[ORT GPU (DML)][WebNN] Edge Canary browser crashed when running two WebNN QDQ subgraph tests
Describe the issue
Edge Canary browser crashed when running quantized leaky relu and quantized softmax two WebNN QDQ subgraph tests by ORT default GPU DML EP with the error
GpuProcessHost: The GPU process crashed! Exit code: STATUS_ACCESS_VIOLATION.
/cc @fdwr PTAL, thanks!
To reproduce
- Install Windows App SDK Stable 1.8.2 (1.8.251003001)
- Install lates Edge Canary browser
- Launch Edge Canary browser, navigate to
about://flagsenabled "Enables WebNN API" and "ONNX Runtime backend for WebNN" flags, then relaunch browser - Navigate to below test url, crash happened
| Test | Test URL |
|---|---|
| quantized leaky relu | https://wpt.live/webnn/conformance_tests/qdq_subgraph.https.any.html?device=gpu&tc=quantized%20leaky%20relu |
| quantized softmax | https://wpt.live/webnn/conformance_tests/qdq_subgraph.https.any.html?device=gpu&tc=quantized%20softmax |
Urgency
No response
ONNX Runtime Installation
Released Package Windows App SDK Stable 1.8.2 (1.8.251003001)
ONNX Runtime Version or Commit ID
1.23.25.928
Execution Provider
ORT default GPU EP
I can reproduce the crash issue of the two cases , and share you some debugging info:
I built the dlls and pdbs by myself and got more detailed debugging info:
The root cause is that DML EP can't find kernals for QLinearSoftmax and QLinearLeakyRelu.
/cc @fdwr
The root cause is that DML EP can't find kernels for QLinearSoftmax and QLinearLeakyRelu.
That's some non-ONNX contrib op that DirectML doesn't know about (see operator registration).
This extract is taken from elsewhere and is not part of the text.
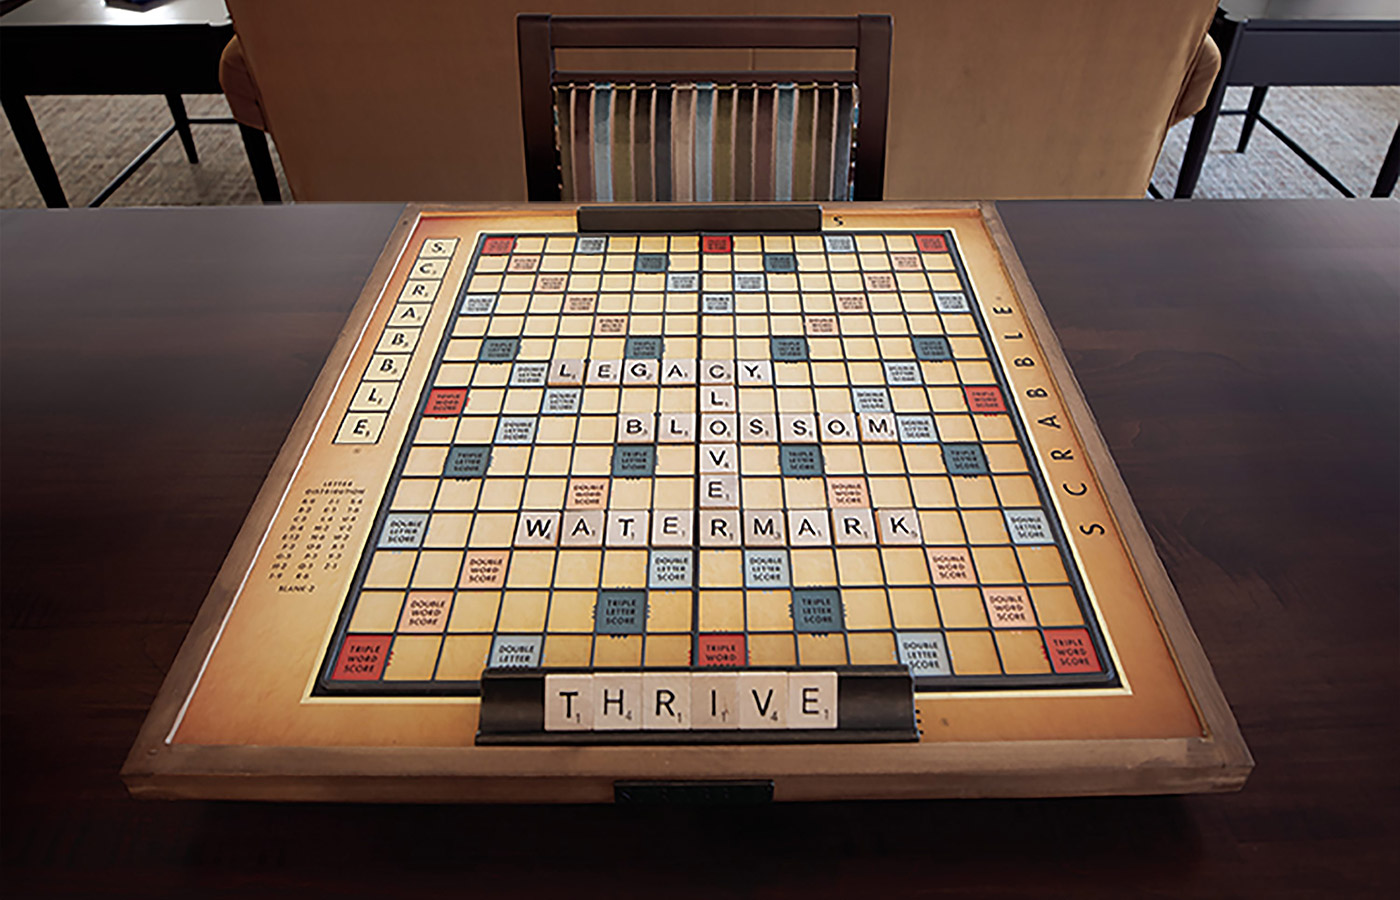 Game of scrabble.

So the real questions are:
- Why is an ORT transformer (possibly here?) blindly transforming an operator into something the EP doesn't support?
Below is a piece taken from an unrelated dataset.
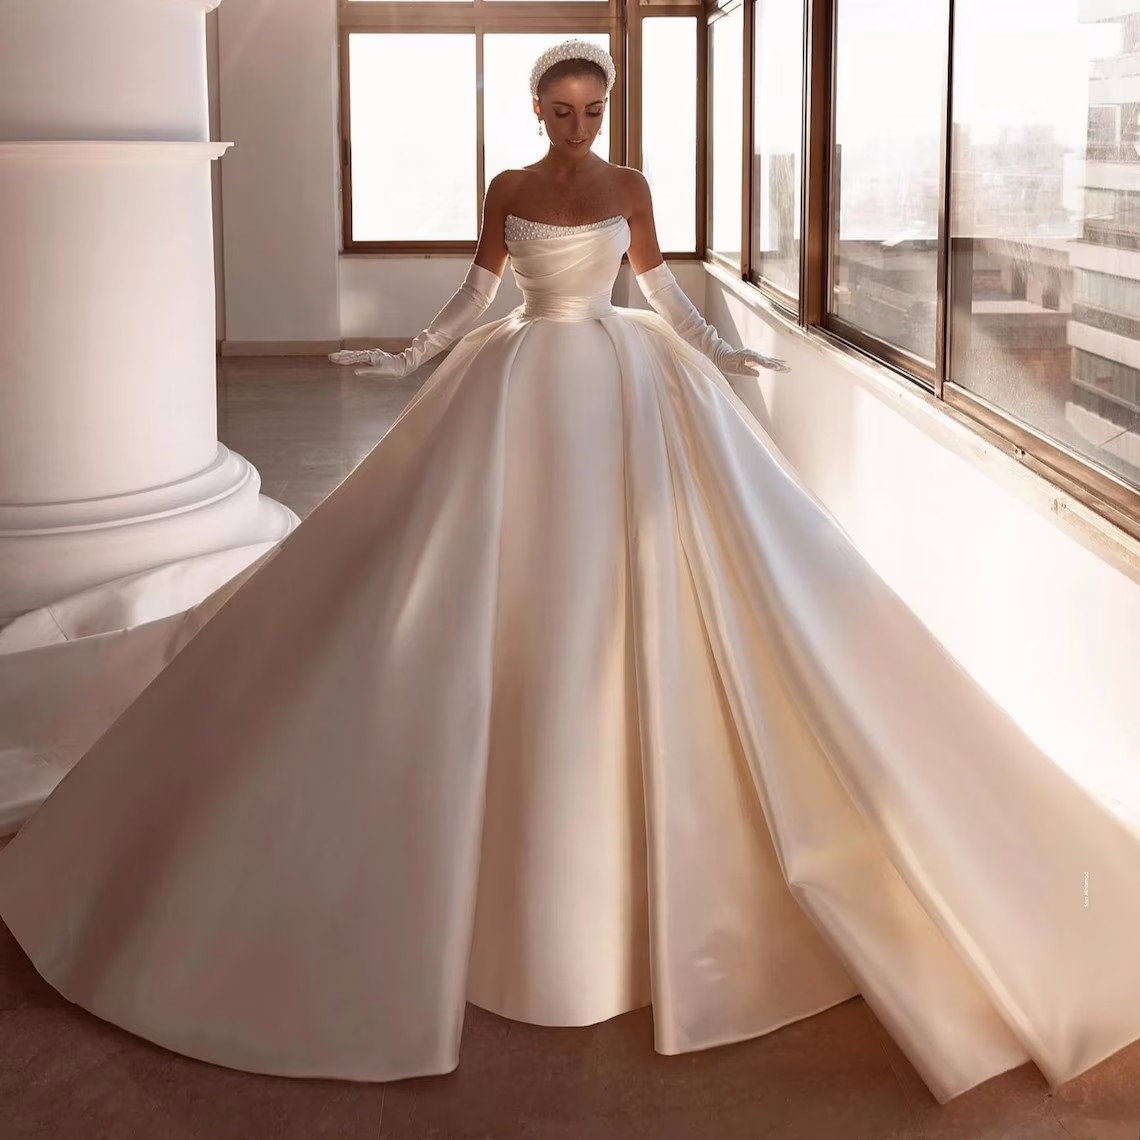 Luxury Tiered Satin Ball Gown Wedding Dress Robe De Marriage Sleeveless Beading Pearls Off The Shoulder Bridal Skirts

- Why doesn't ORT realize this and fall back to another EP like it typically does?
@fdwr Good questions!
And I verified if I apply --webnn-ort-graph-optimization-level=BASIC to override the graph optimization level of ONNX Runtime from default ENABLE_ALL to a lower level BASIC, the two crash tests can pass on DML EP.
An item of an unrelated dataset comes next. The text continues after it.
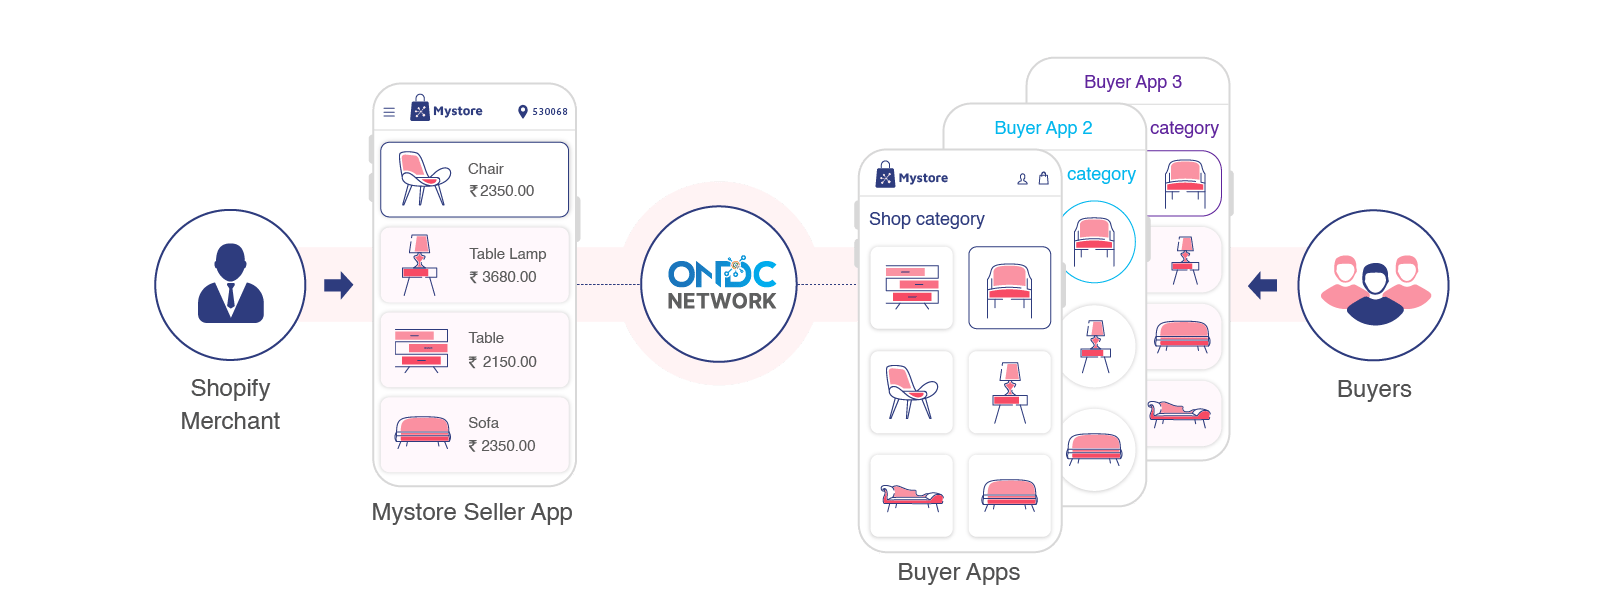 How ONDC Network works for Shopify Merchants

Quick fix solution/workaround in chromium:
So if the issue blocks us, we can consider applying BASIC level for DML EP as a workaround in chromium before the ORT fixing this issue. @BruceDai @huningxin
/cc @adrastogi
Trying to piece things together, could this be coming from the QDQ transformer?
https://github.com/microsoft/onnxruntime/blob/a83fc4d58cb48eb68890dd689f94f28288cf2278/onnxruntime/core/optimizer/qdq_transformer/selectors_actions/qdq_selector_action_transformer.cc#L151
Both the CPU and DML EPs are registered for LeakyRelu and Softmax, which are not supported based on what @fdwr was saying.- but end up getting assigned to the DML EP, which leads to the crash at runtime since they don't exist.
Both the CPU and DML EPs are registered for LeakyRelu and Softmax, which are not supported
LeakyRelu and Softmax are registered by the DML EP. https://github.com/microsoft/onnxruntime/blob/main/onnxruntime/core/providers/dml/DmlExecutionProvider/src/Operators/OperatorRegistration.cpp#L1061-L1062. QLinearSoftmax and QLinearLeakyRelu are not though, and so those should not be assigned to the DML EP.
which leads to the crash at runtime since they don't exist
Yep.